Более всего Иван Иванович опасался, что Южаков уехал на вызов, но тот оказался на месте. С Южаковым они иногда совместно дежурили, к тому же жили по соседству — через три дома и на одной улице. Иван Иванович близких друзей как-то не завел, но считал Южакова своим приятелем.
— Южаков у телефона, — раздался в трубке знакомый басок.
— Понимаешь, Петр Эрнестович, — начал Чурьянов, — произошел у меня сегодня на дежурстве случай. Хочу с тобой посоветоваться, разобраться…
— Да об этой девушке, Иван, уже вся «скорая» говорит, — перебил его Южаков. — Спорят, обсуждают. Шуму у нас больше, чем на базаре в летний выходной. Благо сейчас затишье, нет вызовов. Так в чем ты хочешь посоветоваться?
— Надо бы об этом хирурге из четвертой городской, Левашове, кому-то сообщить. Все-таки он не прав, отказав в помощи пострадавшей, которую я ночью доставил в их больницу. Да и случай не из рядовых. Вот только не знаю, в какой форме доложить. Посоветуй, написать официально или позвонить его начальству?
— Ах, бедняжка, ты еще не выполнил свой гражданский долг, — сострил Южаков, шумно задышав в трубку. — Ну, знаешь, Иван Иванович, народ тебе этого не простит. Звони прямо их главному, и чем быстрее, тем лучше. Не откладывай, прошу тебя как друга.
Ободренный столь деятельной поддержкой, Чурьянов довольно храбро набрал номер заместителя главврача по лечебной части. Самому главному он решил все-таки не звонить: обычно у него бывает столько хлопот, что собственно медициной ведает его заместитель — начмед. Возможно, Южаков связался бы обязательно с главврачом, но с него хватит и заместителя.

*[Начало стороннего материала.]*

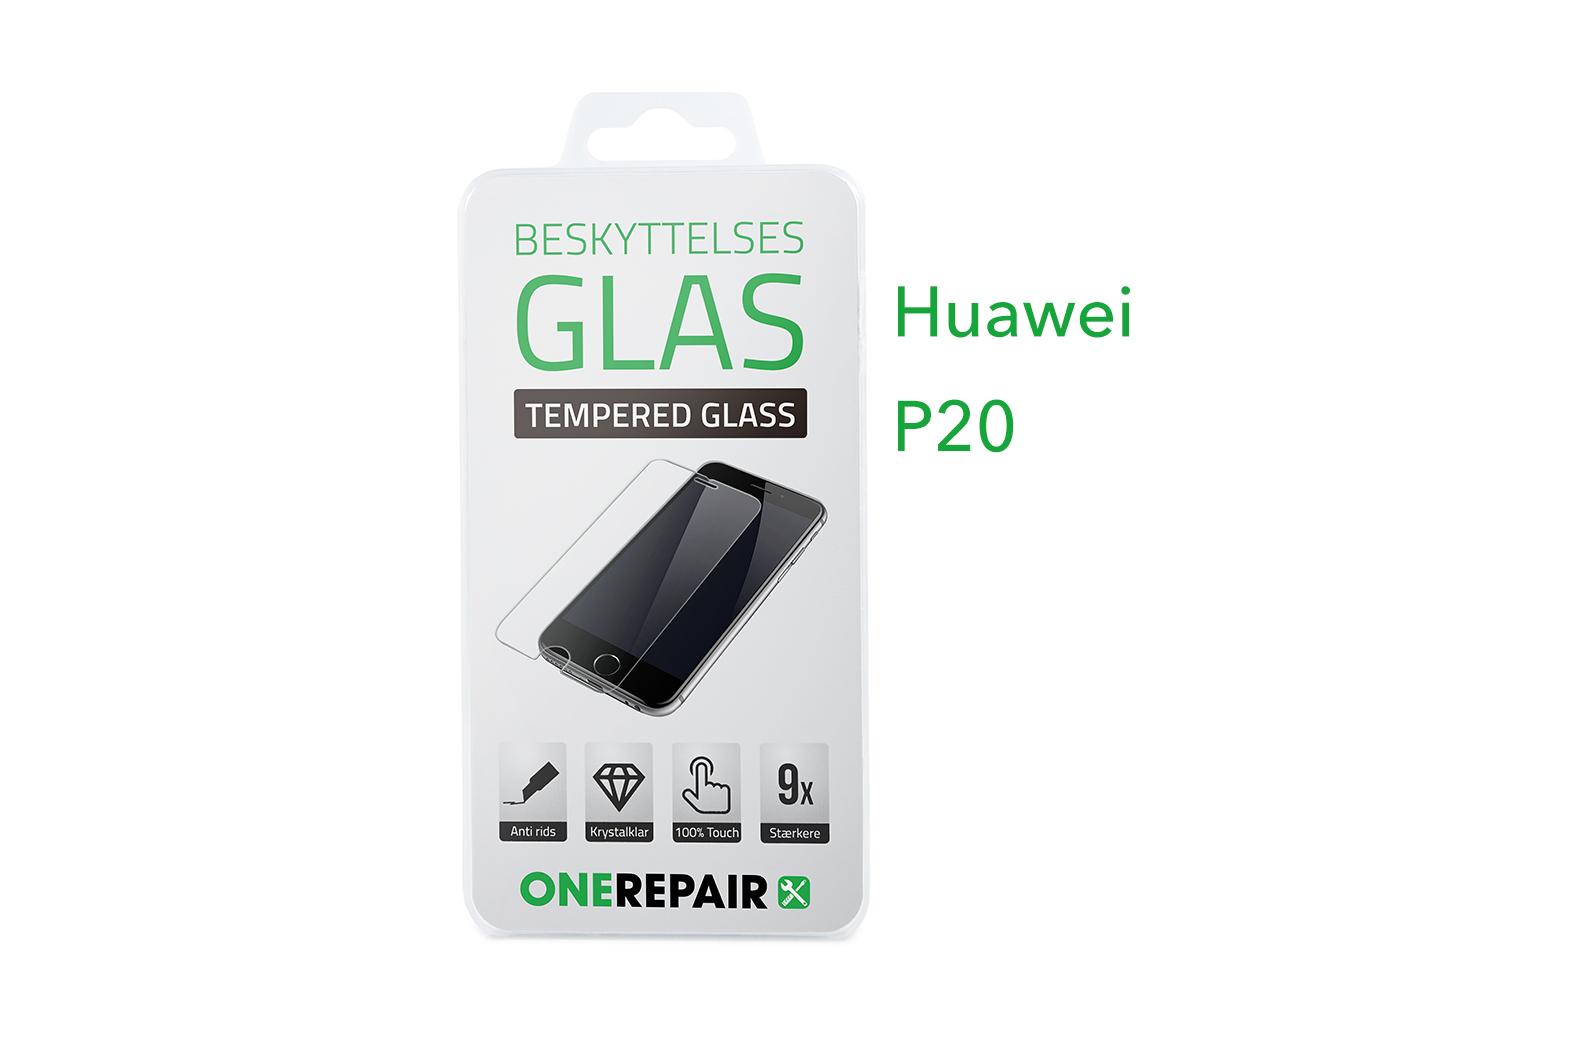 beskyttelsesglas, beskyttelse, glas, Size, Pazer, Panser, Hvid, staerk, stærk, Godt, Billig, Huawei, P20

Звонок оказался не напрасным: слухами земля полнится. К его удивлению, тут, оказывается, тоже кое-что уже знали.
— Простите, ваше имя-отчество, доктор? — спросил начмед.
— Иван Иванович.
— Так вот, Иван Иванович. С утра зашел ко мне наш дежурный хирург Левашов, и в устной форме доложил о ночном конфликте. Жалуется на нарушение вами врачебной этики, грубость, недопустимость некоторых выражений. Просит разобраться.
— Выходит, я кругом виноват, не он. Ловко, ловко, однако… Тогда мне остается письменно изложить суть конфликта, как вы его назвали. А бумагу отнесу в горздрав или облздрав. Пусть высокое начальство разберется, кто и в чем виноват.
— Ну, что вы так кипятитесь, Иван Иванович, — дипломатично произнес начмед. — С кем не бывает. Спешка, ночная работа, нервы. Я же не звоню вашему главному. Заходите лучше прямо ко мне, вместе разберемся. Так что, жду вас. — В трубке послышались короткие гудки.
«О нашей Елизавете Ниловне он не напрасно упомянул, — прикинул Чурьянов. — Знает Лизочкин нрав. Она ведь иной раз, даже не вникая, считает, что только мы, ее подчиненные кругом виноваты. Раз жалоба, конфликтная ситуация, прежде нас отругает, затем, поостыв, начинает разбираться. Посему лучше все изложить письменно, так будет надежнее».
Он достал из внутреннего кармана пиджака авторучку, подаренную сослуживцами ко дню рождения. Не обычную, шариковую, а перьевую, заправленную специальными чернилами. Эта вещица ему нравилась, и Иван Иванович с сожалением подумал, что ею надо писать не что-нибудь полезное, а по сути, некий пасквиль, жалобу. Едва он успел выбрать подходящий лист бумаги, как раздался телефонный звонок. Вот этого разговора он никак не ожидал.
— Я бы попросил доктора Чурьянова, — чуть заикаясь, произнес мужской голос.
— Слушаю, — Иван Иванович сразу же догадался, с кем говорит.
— У телефона Левашов. Хорошо, что застал вас дома, коллега. А вы торопитесь, уже и нашего начмеда потревожили. Уверены в своей правоте?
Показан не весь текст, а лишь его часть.